2. In an action to recover money alleged to have been paid by the plaintiff for the defendant as his surety on a note, and the value of certain stock, it is held: That the evidence offered by the defendant, which tended to prove that the indorsement on the back of the note was made after the commencement of the suit, was properly excluded as irrelevant; that certain evidence as to the amount contributed by the defendant to a partnership which had existed between the parties was also properly excluded; that the question of fact as to whether the payment was for the benefit of the defendant or for the firm was settled by the jury; and that certain items were properly treated as partnership matters.

[Opinion filed November 23, 1888.]

Appeal from the Circuit Court of De Witt County; the Hon. Lyman Lacey, Judge, presiding.

Messrs. Moons & Waenee, for appellant.

Messrs. Geaham & Monson, for appellee.

Wall, P. J.

The appellee recovered a judgment in an action of assumpsit against the appellant for $706.14, from which an appeal is prosecuted to this court.

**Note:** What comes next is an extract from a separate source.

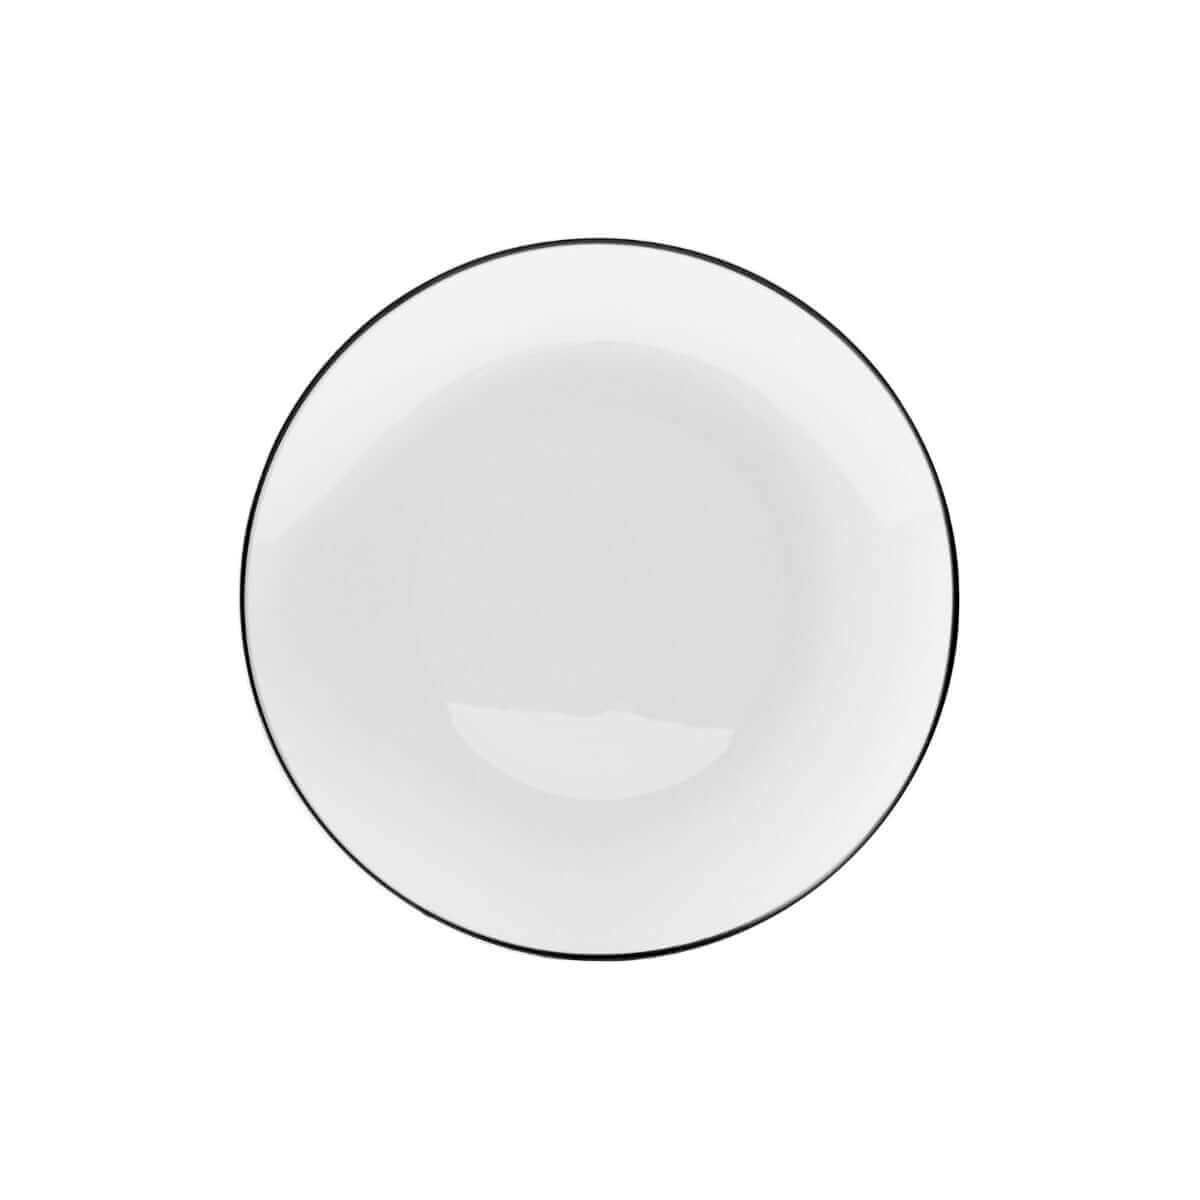 8" White & Black Rim Design Plastic Plates (40 Count) - Yom Tov Settings

The items constituting the basis of recovery were money paid by appellee for appellant, as his surety on a promissory note, and the value of a cow and some pigs sold by the former to the latter, less a credit of $93.21 for sundry matters which need not be stated. The parties had been partners in buying and selling live stock; their partnership affairs were unsettled, *349and the chief matter in controversy was whether the note should not be regarded as though it were a partnership liability. It was payable to one Bennett as administrator, and was given for property purchased by appellant at administrator’s sale. At the same time another note for nearly the same amount was given by appellant and signed by appellee also, for other property, which it is contended was purchased for the partnership. The latter note was paid by appellant, he supposing, as is now contended, that it was for the property purchased for himself. The first mentioned note was paid afterward by appellee, and it is now contended that when he paid it he supposed it was for the partnership property, and that as he had partnership funds which he kept with his own, he ought not to be permitted to recover the amount from appellant in this action.

The first count in the declaration was upon a note signed by appellant payable to said Bennett, for the amount, and of the date and of the same terms generally as this one, and by said Bennett indorsed and delivered to the plaintiff.

The other counts are for money paid, laid out and expended, account stated, etc. Upon the trial the plaintiff did not seek to offer the note under the first count, but offered it as a part of his proof under the count for money paid for use of defendant; and one of the errors assigned is that the court refused to permit defendant to prove that the indorsement which appears on the back of the note was made after the commencement of the suit.

The plaintiff was not relying upon the indorsement, and had not given it in evidence. Indeed, it is apparent that the note in question was not the note described in the first count, and we do not see upon what theory it was ever intended to treat this note, of which plaintiff was a joint maker, as assigned to himself. When, therefore, the defendant offered to make the proof as above stated, the court properly rejected it as irrelevant, for the indorsement was not a part of the case as made by the plaintiff, and it could not be material in the light of what was then before the court, to inquire when it was made. It is now suggested that if the proof had been *350admitted, it could have been followed up by other questions which would have developed such a state of facts as that the court would have been required to instruct the jury that appellee could not recover on the first count because the note was assigned after suit brought, and that he could not recover under the common counts, because he had not paid the debt for the benefit of the plaintiff. When proof is offered which does not appear to be relevant in view of what has preceded, it is proper for counsel to state its object and purpose, and if he will undertake to produce other proof which will make that offered relevant, the court may, as a matter of discretion, admit it conditionally. There was no suggestion of this kind in the present instance, and the court could not, of course, infer that there would be any proof with which this might be connected. It is too late now to make such a suggestion, and we are not able to see even in the light of the whole case, that the proof would have been of any value; certainly it would not have induced the court to give the instruction supposed with reference to the common counts, and there was no occasion, for reasons already stated, to give it with reference to the first count.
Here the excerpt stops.